Jakarta (ANTARA) - Manajer PSIM Yogyakarta Razzi Taruna mengatakan tim fokus membenahi konsistensi pada paruh musim kompetisi BRI Super League 2025/2026.
Dikutip dari laman resmi klub, Kamis, melihat dari performa pada paruh pertama, menurut Razzi, hal yang paling utama dievaluasi tim adalah konsistensi penampilan.
Selain konsistensi permainan, Razzi juga menilai tantangan fisik menjadi sorotan utama mengingat intensitas pertandingan bulan depan diprediksi akan sangat tinggi.

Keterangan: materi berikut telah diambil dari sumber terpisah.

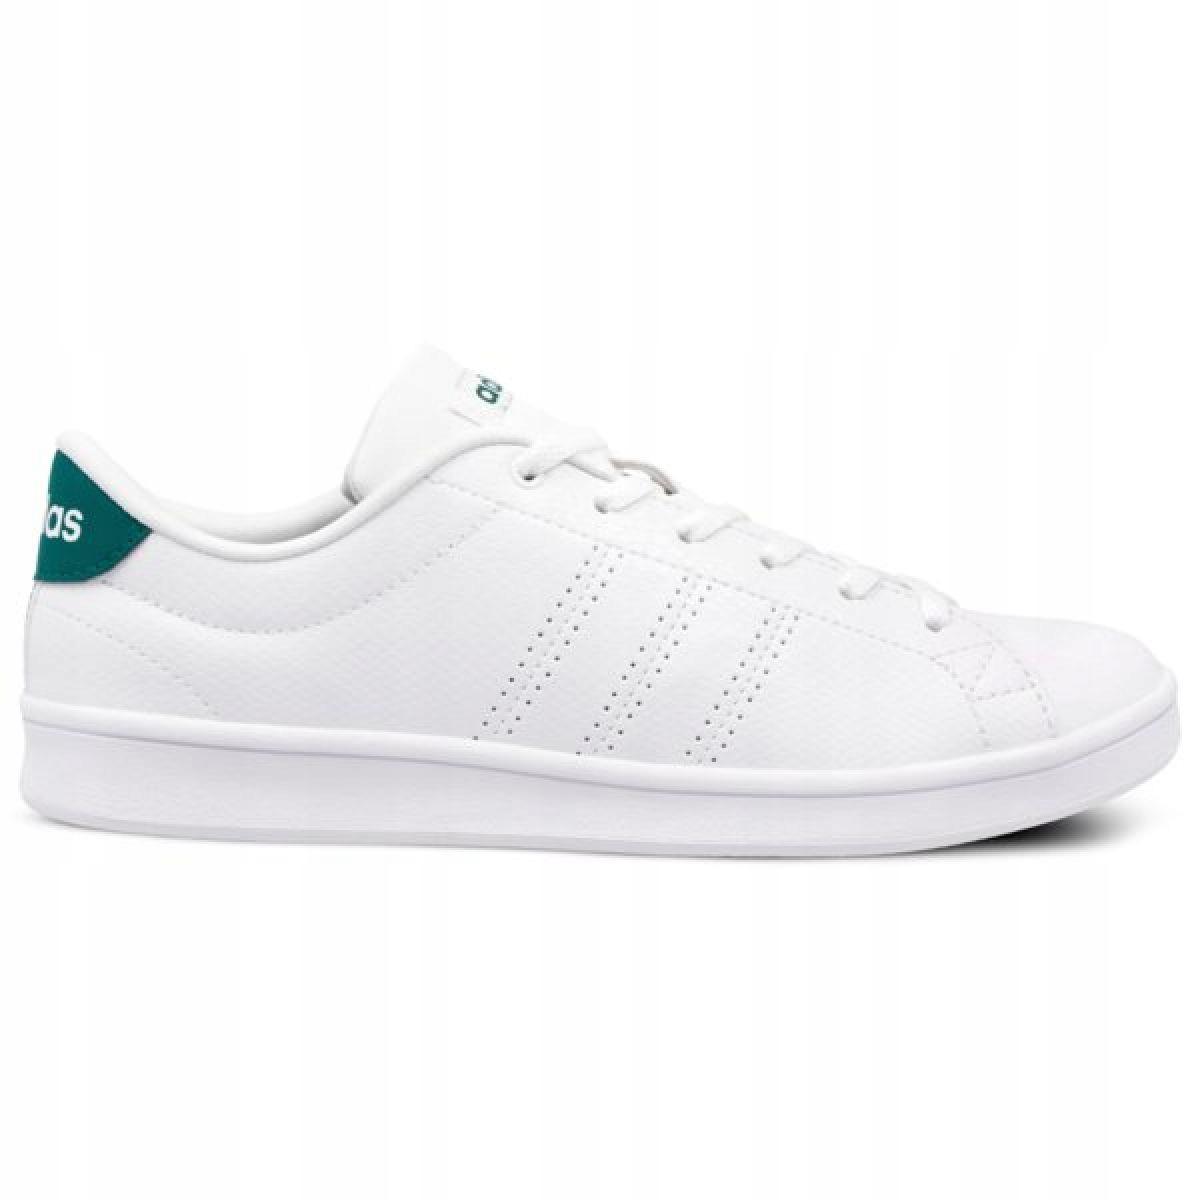 Adidas Buty Damskie Advantage Clean Qt Marki Online Białe

"Mungkin salah satu hal yang harus perbaiki adalah konsistensi kita juga. Terus dengan jadwal yang padat, kami berpikir bagaimana caranya pemain tetap fokus dan juga menjaga kebugarannya dengan baik. Karena di masa-masa besok ini, contoh di bulan Februari saja kita cukup padat jadwalnya," kata Razzi.
Ia menjelaskan manajemen memastikan seluruh elemen tim akan bekerja keras mempertahankan tren positif ini dan kesiapan fisik serta mental pemain menjadi kunci utama dalam menghadapi putaran kedua.
Razzi melanjutkan PSIM Yogyakarta dijadwalkan kembali menggelar latihan intensif mulai tanggal 15 Januari usai libur singkat, demi menjaga ritme permainan untuk menyiapkan laga perdana putaran kedua pada 25 Januari.
"Kita tetap harus fokus dan jaga kebugaran pemain terutama untuk bisa tetap konsisten di putaran kedua," ungkap Razzi.
"Tim pelatih memang hanya memberikan libur dua hari saja (13-14 Januari). Besok (15 Januari), tim sudah mulai latihan lagi agar bisa bermain maksimal untuk putaran kedua," kata Razzi.
Selanjutnya pada pekan ke-18 Super League, PSIM Yogyakarta dijadwalkan akan menjamu Persebaya Surabaya di Stadion Sultan Agung, Bantul, Minggu (25/1) pukul 15.30 WIB.